Никогда прежде я не встречал подобного жилища — и тем более у студента-дипломника.
Во-первых, квартира была огромная и обставлена исключительно в белых тонах. Единственное исключение составляли серебряные подносы, но даже на них — кроме шуток! — лежал белый шоколад.
Холодильник у нее был забит шампанским, икрой — и замороженными обедами фирмы «Бердс-Ай».
Меня могло бы насторожить то обстоятельство, что мы никогда не встречались по вторникам, средам и четвергам. Я, конечно, знал, что бывают вечерние лекции, но, когда я пару раз предложил прийти ближе к полуночи, она лишь рассмеялась в ответ.
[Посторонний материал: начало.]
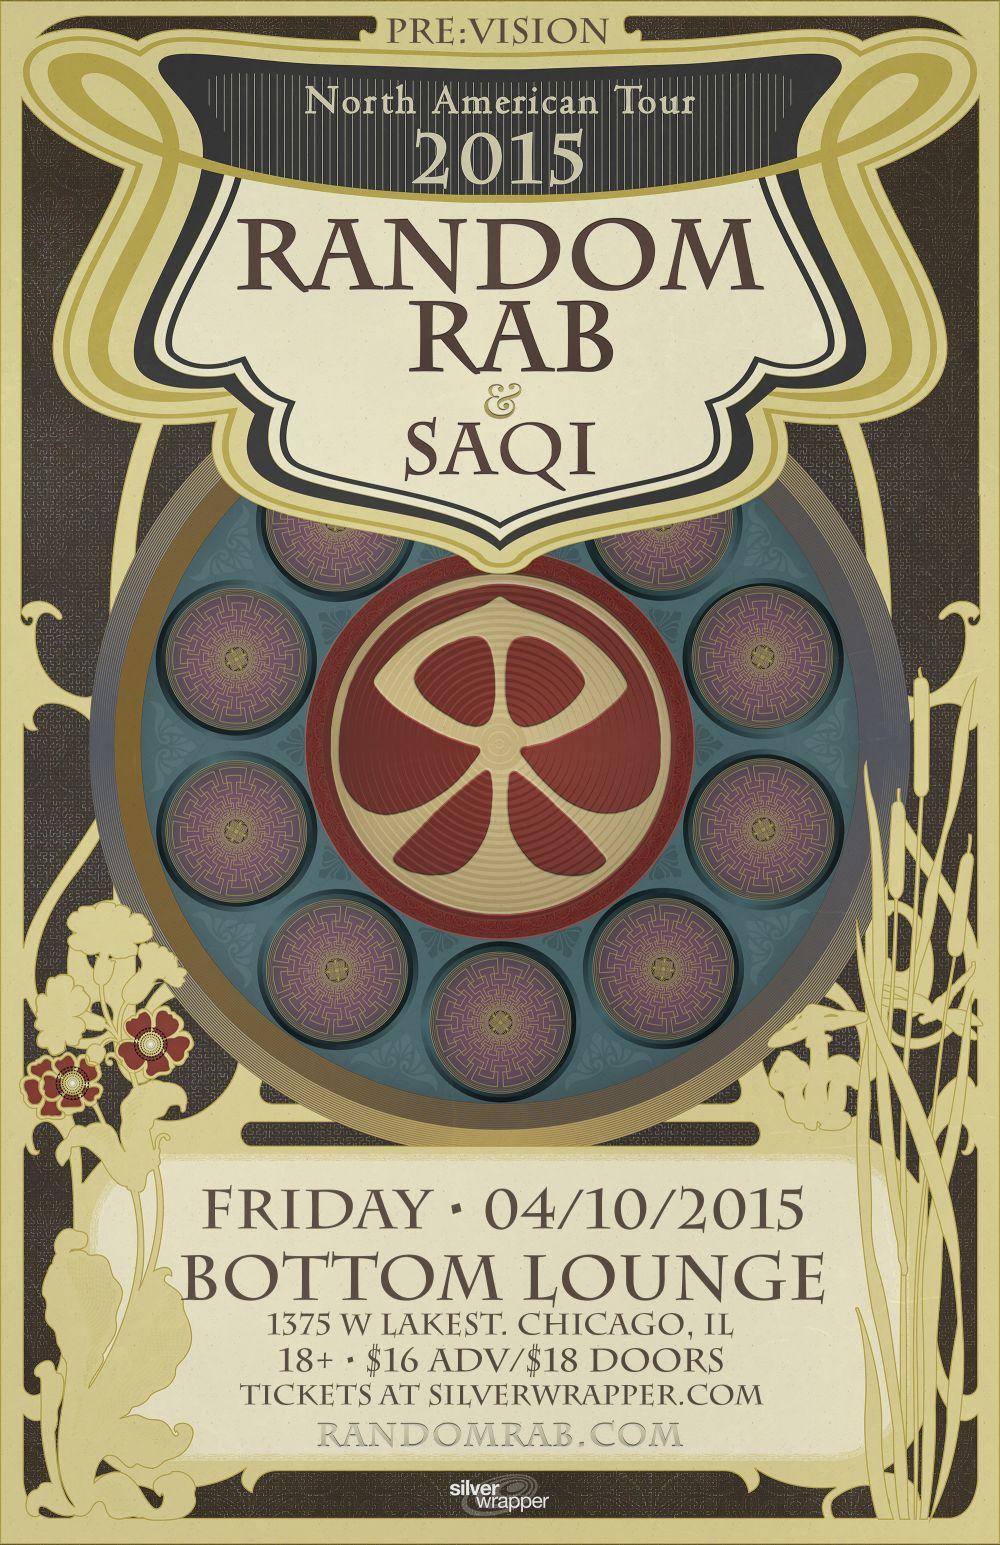 Random Rab Saqi Upstairs Bottom Lounge Chicago

Я прозрел однажды в пятницу вечером (да, да, я настолько потерял голову, что даже осквернял шабат!), когда она случайно облила меня красным вином и тут же беззаботно предложила слизать его с меня в порядке «епитимьи». Она раздела меня и втолкнула в свою шикарную ванную, под душ, оснащенный всевозможными насадками.
Когда я вышел из-под душа, она протянула мне не только мужской халат, но и сорочку с брюками.
Я попытался было успокоить себя тем, что мужская одежда принадлежала бывшему любовнику — или даже мужу.
Но больно уж эти брюки были хорошо выглажены, а рубашка — слишком уж свежая. А когда я разглядел на ней монограмму с инициалами «ЧМ», любопытство взяло верх.
— Это чье? — спросил я как можно более безразличным голосом.
— Одного друга, — как ни в чем не бывало ответила она и поманила меня в свои объятия.
Но и в ходе любовной прелюдии я не унимался.
— Какого такого друга?
— Да так, самого обыкновенного. Давай не будем об этом, хорошо?
— Видимо, не такого уж и обыкновенного, раз его вещи висят у тебя в шкафу!